Takeaway: working memory is the LLM’s RAM. Episodic memory is the session log. Semantic memory is the long-term knowledge base. Mixing them collapses both performance and clarity.

Solution 1: LangGraph Checkpointers

LangGraph is the most-deployed framework for agent state management today. Here’s how to use it in production [langgraph-persistence].

Basic Setup

PostgresSaver.from_conn_string returns a context manager (it manages the connection lifecycle), so the canonical wiring uses with:

from langgraph.graph import StateGraph
from langgraph.checkpoint.postgres import PostgresSaver

DB_URI = "postgres://user:pass@host:5432/db?sslmode=disable"

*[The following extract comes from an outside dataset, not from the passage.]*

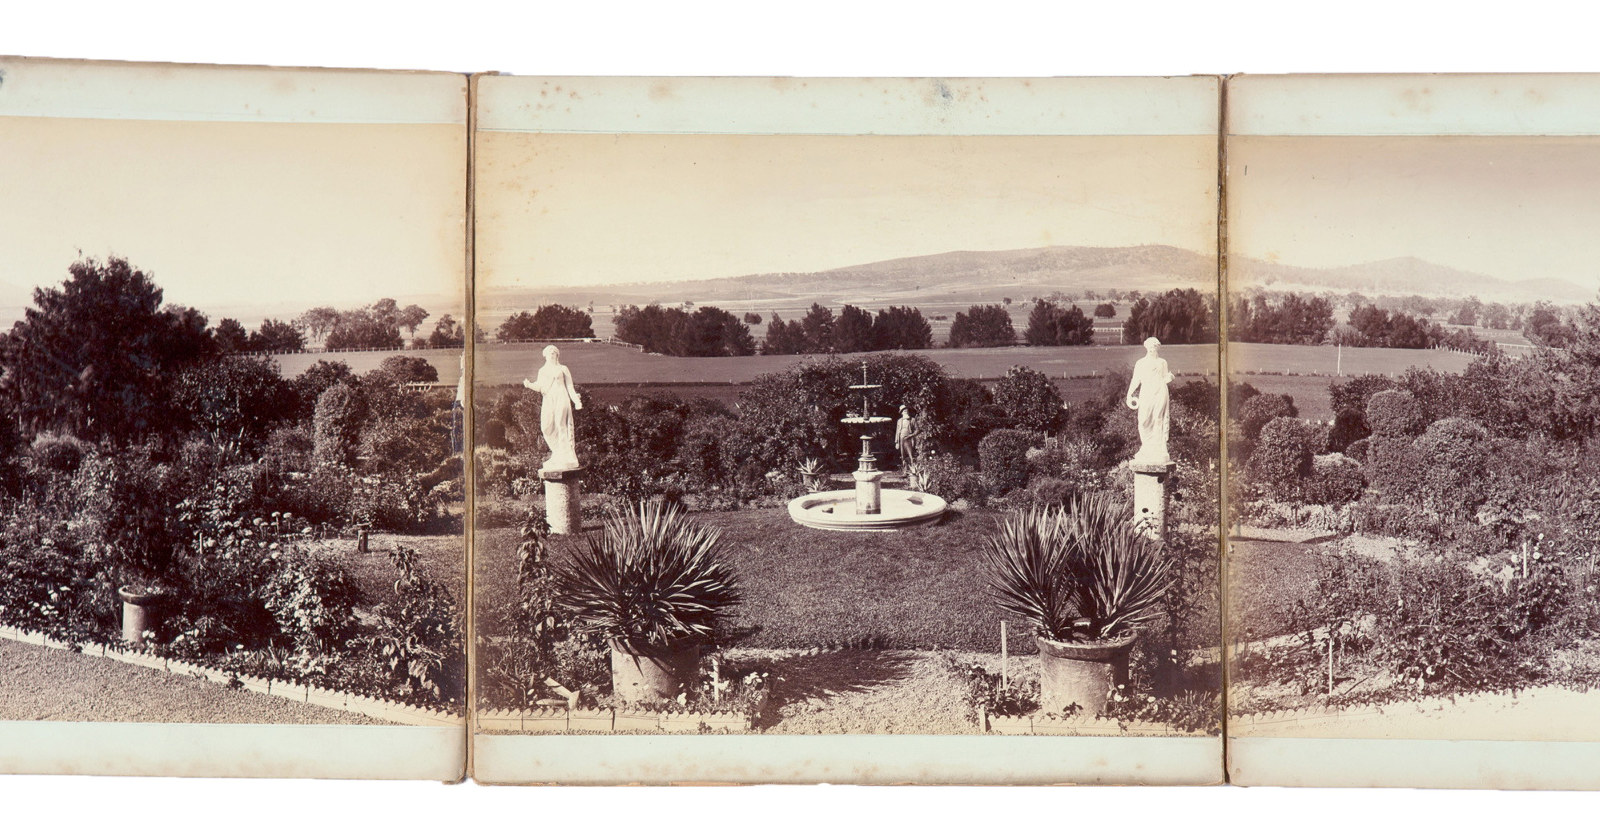 Section of 7-part photographic panorama of Turanville, Scone, 1889

with PostgresSaver.from_conn_string(DB_URI) as checkpointer:
    # First-run only: provision the tables.
    checkpointer.setup()

    graph = StateGraph(AgentState)
    graph.add_node("think", think_node)
    graph.add_node("act", act_node)
    # ... add edges ...

    app = graph.compile(checkpointer=checkpointer)

    # Execute with thread_id for persistence
    config = {"configurable": {"thread_id": "user-123-task-456"}}
    result = app.invoke({"input": "Book flight to NYC"}, config)

    # Later: resume from checkpoint with the same thread_id
    result = app.invoke({"input": "Make it morning flight"}, config)

If you instantiate PostgresSaver outside a with block you’ll leak the underlying psycopg connection — the from_conn_string factory is explicitly typed as @contextmanager [langgraph-postgres-source]. For long-running servers, wrap the connection pool in your app’s startup/shutdown lifecycle and reuse the checkpointer across requests. checkpointer.setup() is idempotent but expensive — run it once in a migration step, not on every app boot.

What StateSnapshot Captures

# Every checkpoint stores:
{
    "channel_values": {...},     # Current state data
    "next_nodes": ["act"],       # What to execute next
    "config": {...},             # Configuration
    "metadata": {
        "writes": {...},         # Recent modifications
        "step": 5                # Progress counter
    },
    "pending_tasks": [...]       # Incomplete work
}

Storage Options

Storage	Use case	Tradeoffs
`MemorySaver` (alias of `InMemorySaver`)	Development	Fast, lost on restart, no concurrency
`SqliteSaver`	Single-node, single-process	Local persistence, fine for prototypes, doesn’t scale horizontally
`PostgresSaver`	Production	Multi-node, ACID, requires `with` context manager or pool
Custom (S3, Redis, your own)	Archival or specialised	Implement the `BaseCheckpointSaver` protocol — straight-line if you need it

Production rule: use PostgresSaver (or a custom subclass of BaseCheckpointSaver backed by something durable). MemorySaver is for local development only — agents that “work in tests” but lose state in prod almost always trace back to it.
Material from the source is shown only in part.